Re: Workhorse Group, Inc.
Dear Sir or Madam:
Reference is hereby made to
that certain Securities Purchase Agreement (the “Securities Purchase Agreement”), dated March 15, 2024, by and between
[*] (the “Original Investor”) and Workhorse Group Inc., a Nevada corporation with offices located at 3600 Park 42 Drive,
Suite 160E, Sharonville, Ohio 45241 (the “Company”), pursuant to which the Company, subject to the satisfaction of
certain conditions set forth therein, has sold (with respect to the Original Investor), and may sell (with respect to the Investor (as
defined below)), certain Notes (as defined in the Securities Purchase Agreement) and Warrants (as defined in the Securities Purchase Agreement).
Prior to the date hereof, pursuant to that certain assignment agreement, dated February 12, 2025, the Original Investor assigned its rights
to purchase Additional Notes and Additional Warrants pursuant to the Securities Purchase Agreement to the undersigned (the “Investor”).
Capitalized terms not defined herein shall have the meaning as set forth in the Securities Purchase Agreement.

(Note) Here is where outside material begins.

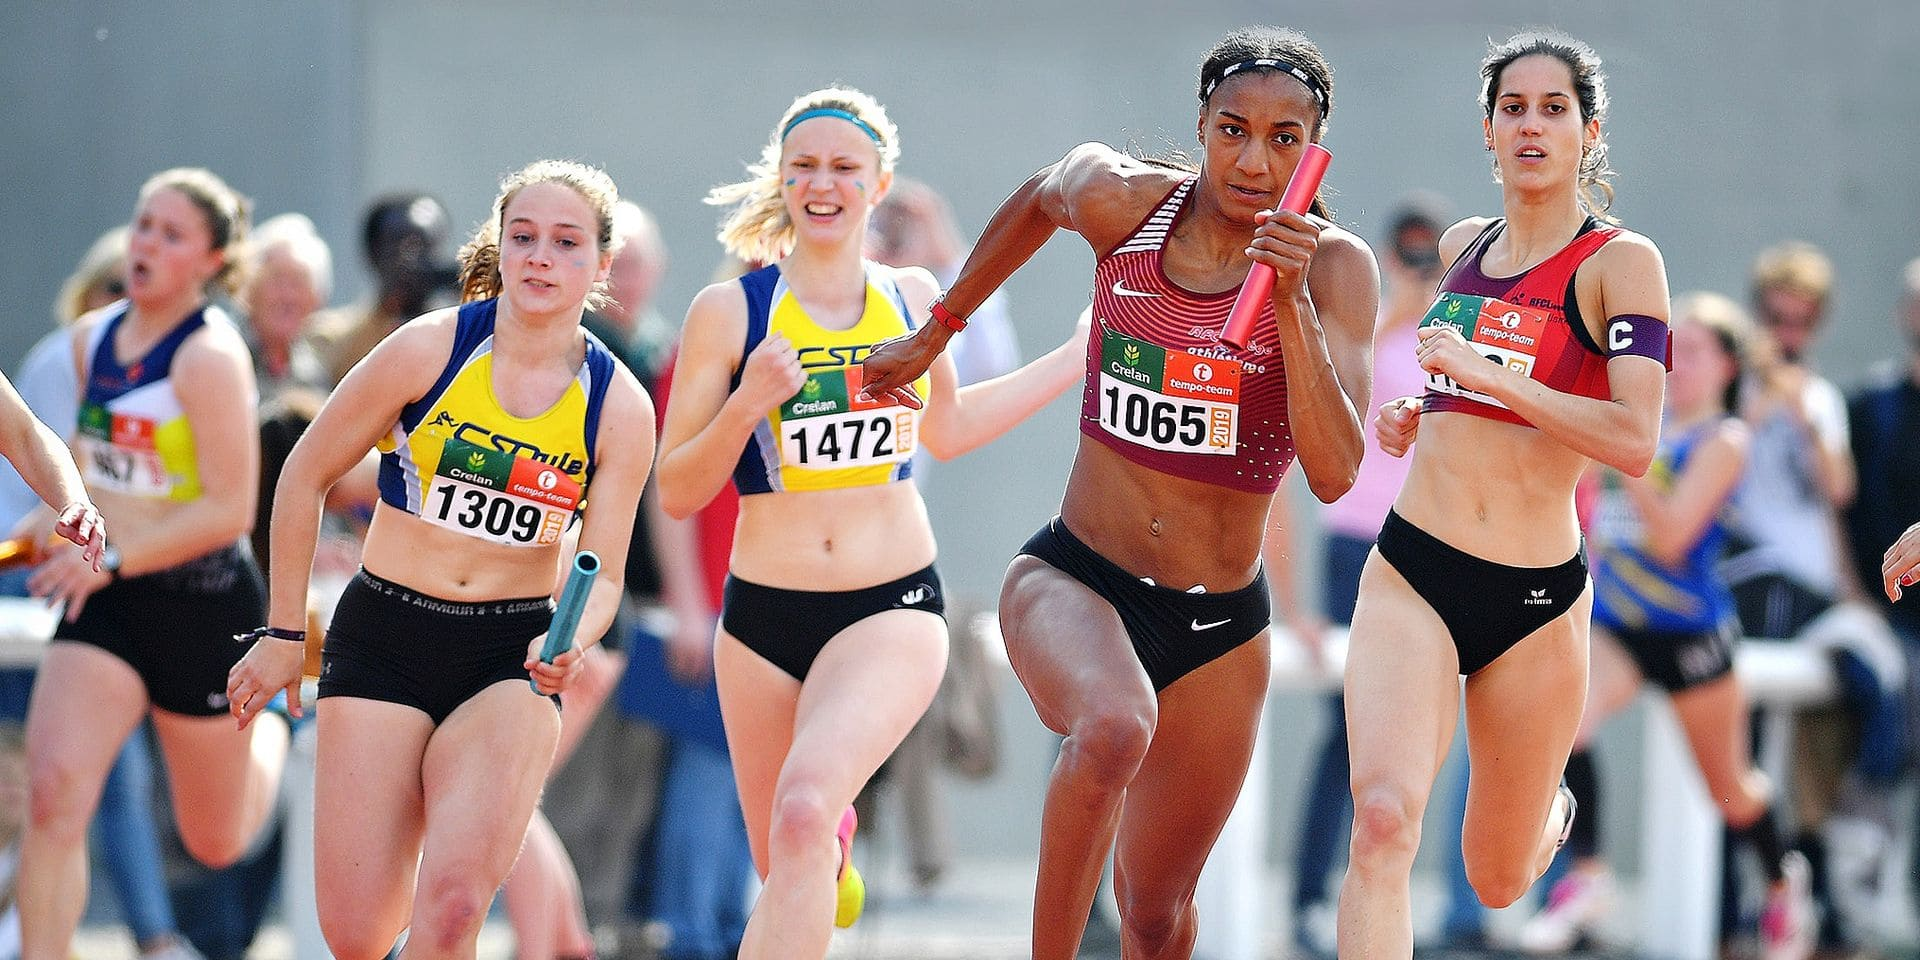 Belgian athlete Nafissatou 'Nafi' Thiam (C) pictured in action during the 4x100m relay race at the RUSTA Intercercles women's athletics meeting, Saturday 18 May 2019 in Gaurain-Ramecroix, Tournai. BELGA PHOTO DAVID STOCKMAN

The Company and the Investor
mutually desire to consummate an Additional Closing of (i) at least $35 million in aggregate principal amount of Additional Notes (the
“Proposed Additional Note”, such aggregate principal amount of such Proposed Additional Note, the “Proposed
Principal Amount” and such Additional Closing with respect thereto, the “Proposed Additional Closing”) and
(ii) certain Additional Warrants, which shall be subject to the terms and conditions of this letter agreement, as follows:
(a) Lockbox
Agreement. Prior to the time of the Proposed Additional Closing, the Company and the Collateral Agent, for the benefit of the Investor,
shall enter into a deposit account control agreement (the “Lockbox DACA”), in form and substance satisfactory to the
Company and the Collateral Agent, with respect to Account Number: [*] (the “Lockbox Account”) with [*] (including any
successor thereto approved by the Collateral Agent, in its sole discretion, the “Lockbox Bank”), which Lockbox Account
shall be subject to the restriction that no Cash deposited into such Lockbox Account shall be released by the Lockbox Bank to the Company
(or at the direction of the Company) without the written signature of the Collateral Agent. The Lockbox DACA shall provide, among other
things, that (A) the Lockbox Bank will comply with any and all instructions originated by the Collateral Agent directing the disposition
of any Cash (and/or other assets, as applicable) in the Lockbox Account without further consent by the Company or any of its Subsidiaries,
(B) the Lockbox Bank shall waive, subordinate and agree not to exercise any rights of setoff or recoupment or any other claim against
the Lockbox Account other than for payment of its service fees and other charges directly related to the administration of the Lockbox
Account and for returned checks or other items of payment, and (C) the Lockbox Bank shall not comply with any instructions, directions
or orders of any form with respect to the Lockbox Account other than instructions, directions or orders originated by the Collateral Agent.
(b) Deposit
with respect to Proposed Additional Closing; Restricted Principal. On the Additional Closing Date with respect to the Proposed Additional
Closing, the Company shall direct the Investor to wire $30,392,500 of the Purchase Price (the “Initial Lockbox Deposit Amount”)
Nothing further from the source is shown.